I’m blind, I’m blind, I’m blind, he screamed in his dreams, but nobody heard him.
Sometimes she was there, floating along beside him, light as a white feather, a barn owl, a dove; a dreamlike, silent presence that calmed and soothed him. He called out to her from within his ring of fire and she slowly turned in mid-air and looked towards him. Long, wild black hair, a sweet, gentle face, dark blue eyes that held compassion and kindness. The pain fell away and Zachary sighed, holding his hands out to her.
She kept vanishing again, like a bubble bursting, and when she was not there he was plunged back into his nightmare.
Once Zachary managed to force open his eyes, cried out for her, but he didn’t see her; he saw other faces, strange faces, staring down at him out of yellow light that dazzled him.

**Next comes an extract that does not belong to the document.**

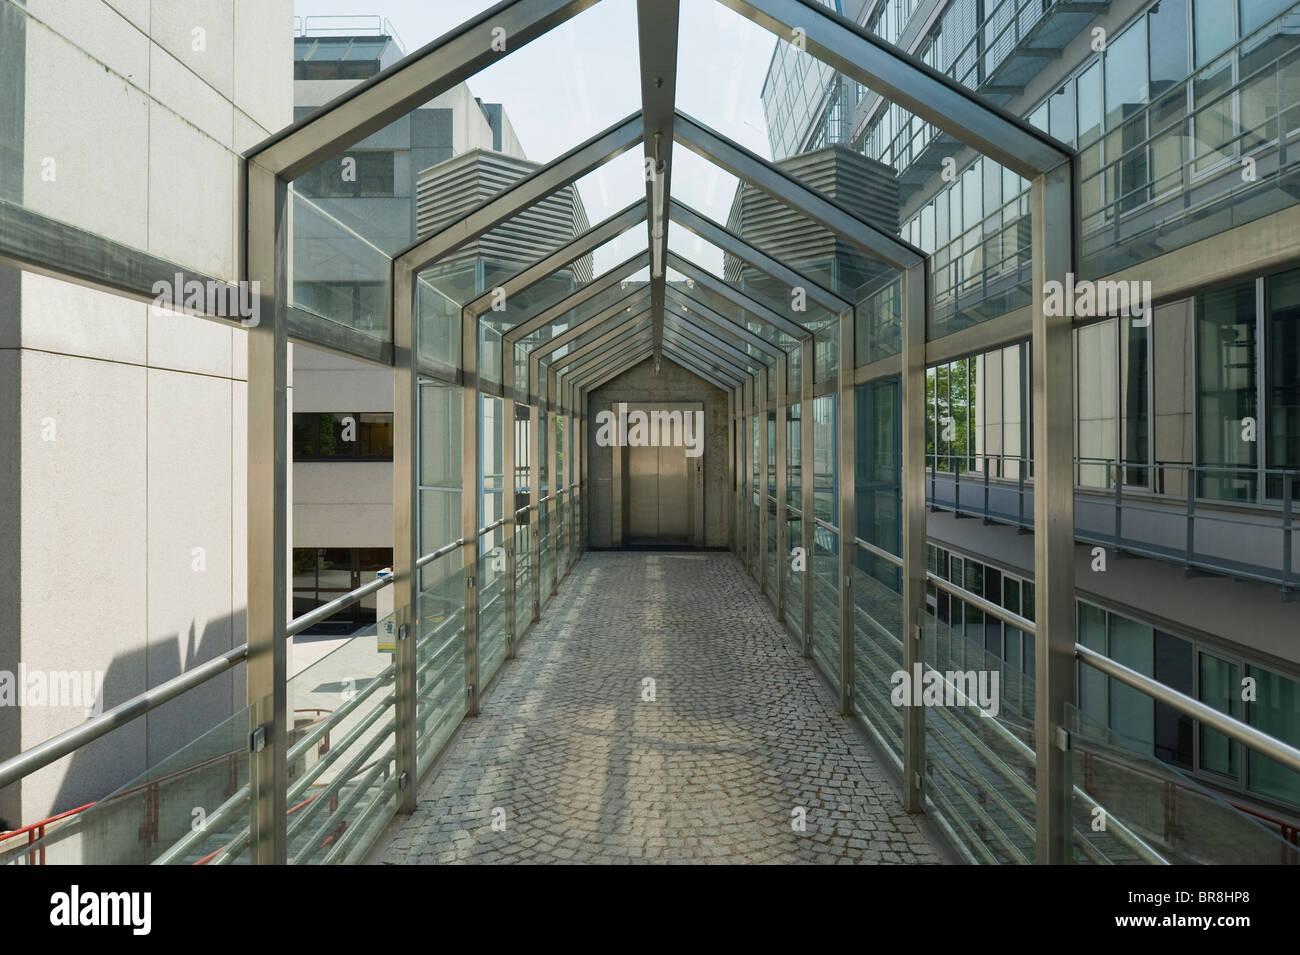 Aufzug - Lift Stockbild

He looked angrily at them. Who were they? What had happened to the girl in white? he tried to ask, but the words wouldn’t come out.
One of them bent towards him, saying something he couldn’t quite hear. This one had a cold, pale face, the look of a nun. Zachary disliked her on sight, with her hair dragged back off her face, buttoned-up eyes and tight mouth. Icy, dried-up virgin.
‘Where am I? What’s happened?’ he tried to ask, but the words came out in a mumble. He tried again, accusation in his voice. ‘What have you done to me?’
She opened her mouth and said something, but he didn’t hear a word; he just wanted her to go away. He told her so and she stiffened.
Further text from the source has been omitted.